Augmentation of Circulating Follicular Helper T Cells and Their Impact on Autoreactive B Cells in Myasthenia Gravis.

作者信息

Zhang Cun-Jin, Gong Ye, Zhu Wenli, Qi Yuan, Yang Chun-Sheng, Fu Ying, Chang Guoqiang, Li Yujing, Shi Samuel, Wood Kristofer, Ladha Shafeeq, Shi Fu-Dong, Liu Qiang, Yan Yaping

机构信息

Department of Neurology, Tianjin Neurological Institute, Tianjin Medical University General Hospital, Tianjin 300052, China; and Department of Neurology, Barrow Neurological Institute, St. Joseph's Hospital and Medical Center, Phoenix, AZ 85013.

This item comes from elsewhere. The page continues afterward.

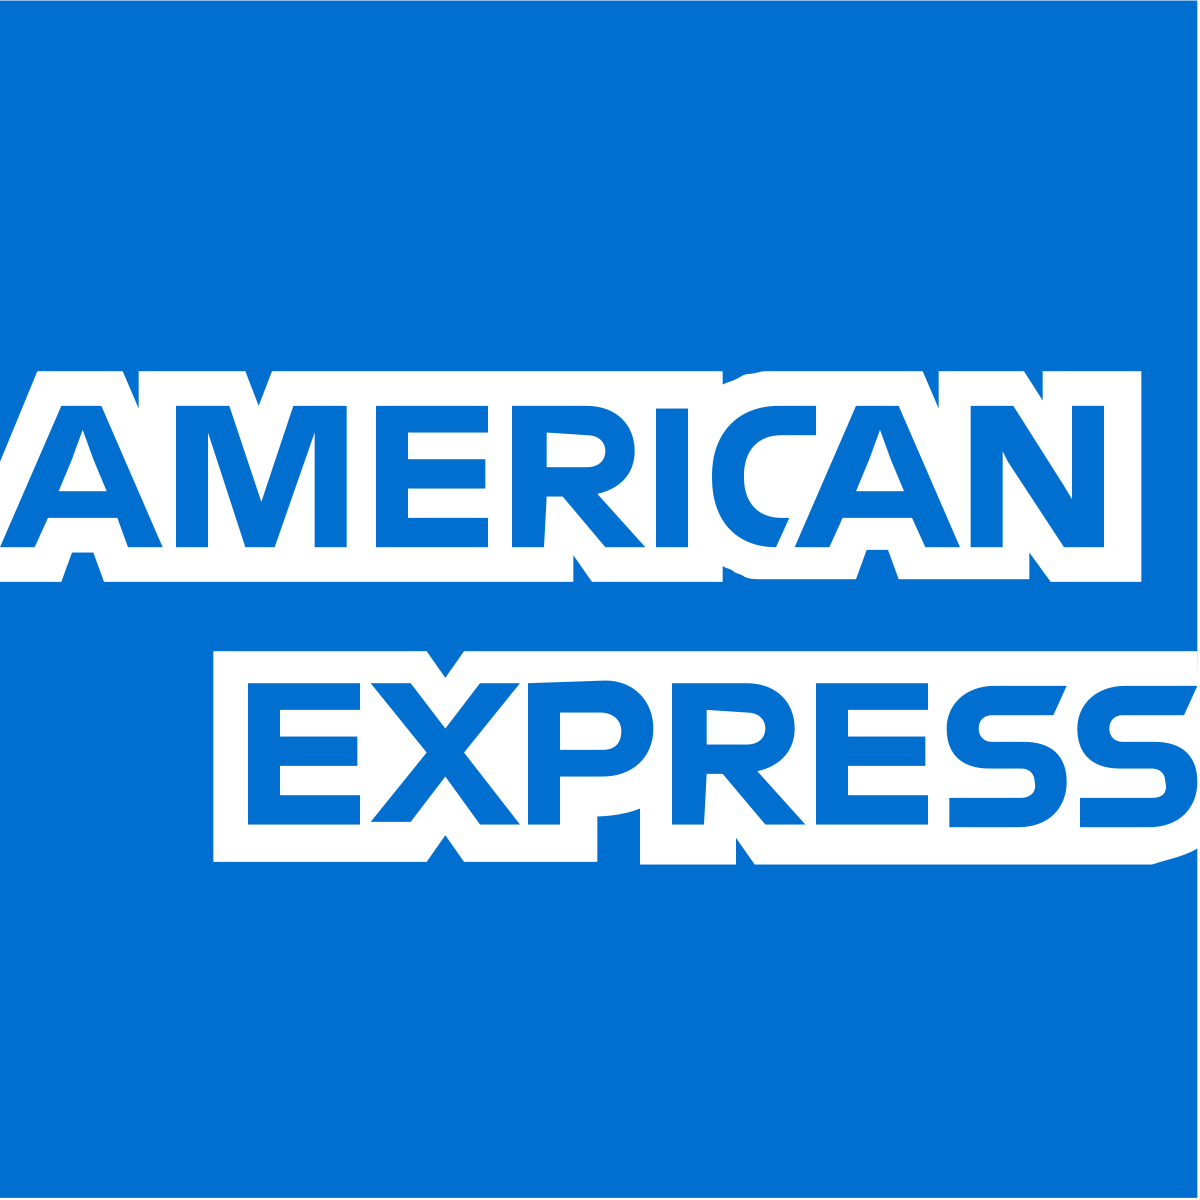 AMERICAN-EXPRESS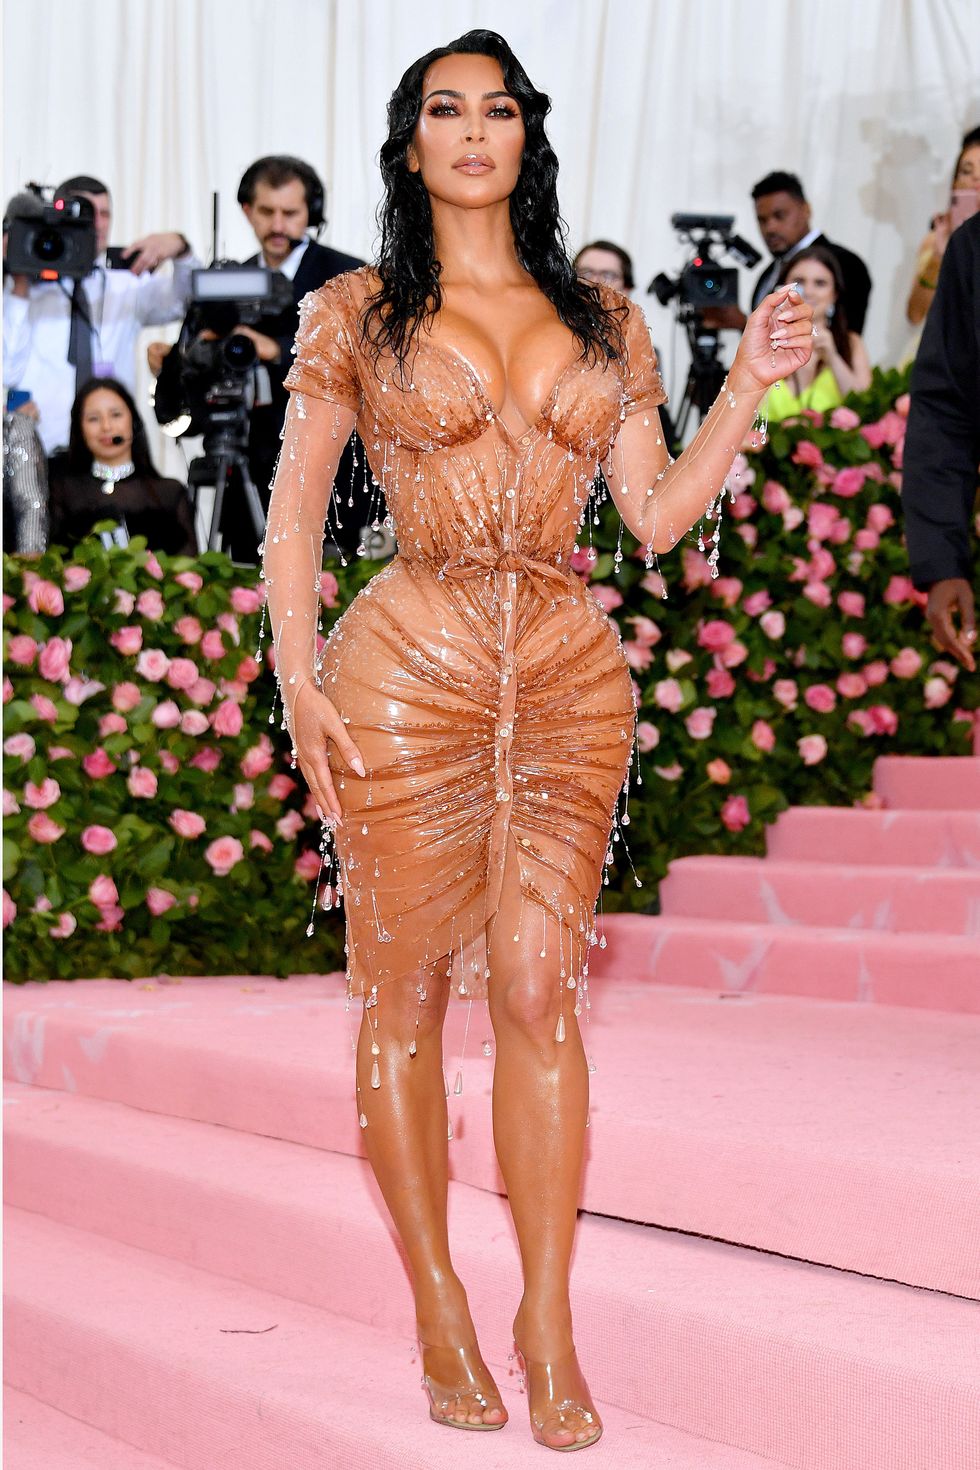 The Kim Kardashian "Met Gala" Dress This dress was worn by Kim

Department of Neurology, Tianjin Neurological Institute, Tianjin Medical University General Hospital, Tianjin 300052, China; and.

出版信息

J Immunol. 2016 Oct 1;197(7):2610-7. doi: 10.4049/jimmunol.1500725. Epub 2016 Aug 19.

Abstract

Myasthenia gravis (MG) is a chronic humoral immunity-mediated autoimmune disorder of the neuromuscular junction characterized by muscle weakness. Follicular helper T (Tfh) cells may be the key Th cell subset that promotes MG development, as their major function is helping B cell activation and Ab production. Aberrance of thymus-derived Tfh cells might be implicated in autoimmune diseases including MG; just how circulating Tfh cells, especially those from patients with a normal thymus, contribute to MG pathogenesis remains to be uncovered. In this article, we characterize a population of circulating CD4(+)CXCR5(+)PD-1(+) Tfh cells in ocular and generalized MG patients without thymic abnormalities and demonstrate that the circulating Tfh cells are significantly enriched in generalized MG patients but not in ocular MG patients compared with healthy subjects, whereas a proportion of follicular regulatory T cells decreased in MG patients. In addition, the frequency of plasma cells and B cells was higher and the serum levels of IL-6/IL-21 were also elevated in these MG patients. The activated Tfh1 and Tfh17 in Tfh cells are the major source for IL-21 production in MG patients. A strong correlation between Tfh cells and the plasma cell frequency and anti-acetylcholine receptor Ab titers was evident in generalized MG patients. In particular, we found that Tfh cells derived from MG patients promoted B cells to produce Abs in an IL-21 signaling-dependent manner. Collectively, our results suggest that circulating Tfh cells may act on autoreactive B cells and thus contribute to the development of MG in patients without thymic abnormalities.

摘要

重症肌无力(MG)是一种慢性体液免疫介导的神经肌肉接头自身免疫性疾病,其特征为肌肉无力。滤泡辅助性T(Tfh)细胞可能是促进MG发展的关键Th细胞亚群,因为它们的主要功能是帮助B细胞活化和抗体产生。胸腺来源的Tfh细胞异常可能与包括MG在内的自身免疫性疾病有关;循环Tfh细胞,尤其是来自胸腺正常患者的循环Tfh细胞如何参与MG发病机制仍有待揭示。在本文中,我们对无胸腺异常的眼肌型和全身型MG患者的循环CD4(+)CXCR5(+)PD-1(+) Tfh细胞群体进行了表征,并证明与健康受试者相比,全身型MG患者的循环Tfh细胞显著富集,而眼肌型MG患者则不然,而MG患者中一部分滤泡调节性T细胞减少。此外,这些MG患者的浆细胞和B细胞频率更高,血清IL-6/IL-21水平也升高。Tfh细胞中活化的Tfh1和Tfh17是MG患者IL-21产生的主要来源。在全身型MG患者中,Tfh细胞与浆细胞频率和抗乙酰胆碱受体抗体滴度之间存在明显的相关性。特别是,我们发现来自MG患者的Tfh细胞以IL-21信号依赖的方式促进B细胞产生抗体。总体而言,我们的结果表明,循环Tfh细胞可能作用于自身反应性B细胞,从而促进无胸腺异常患者的MG发展。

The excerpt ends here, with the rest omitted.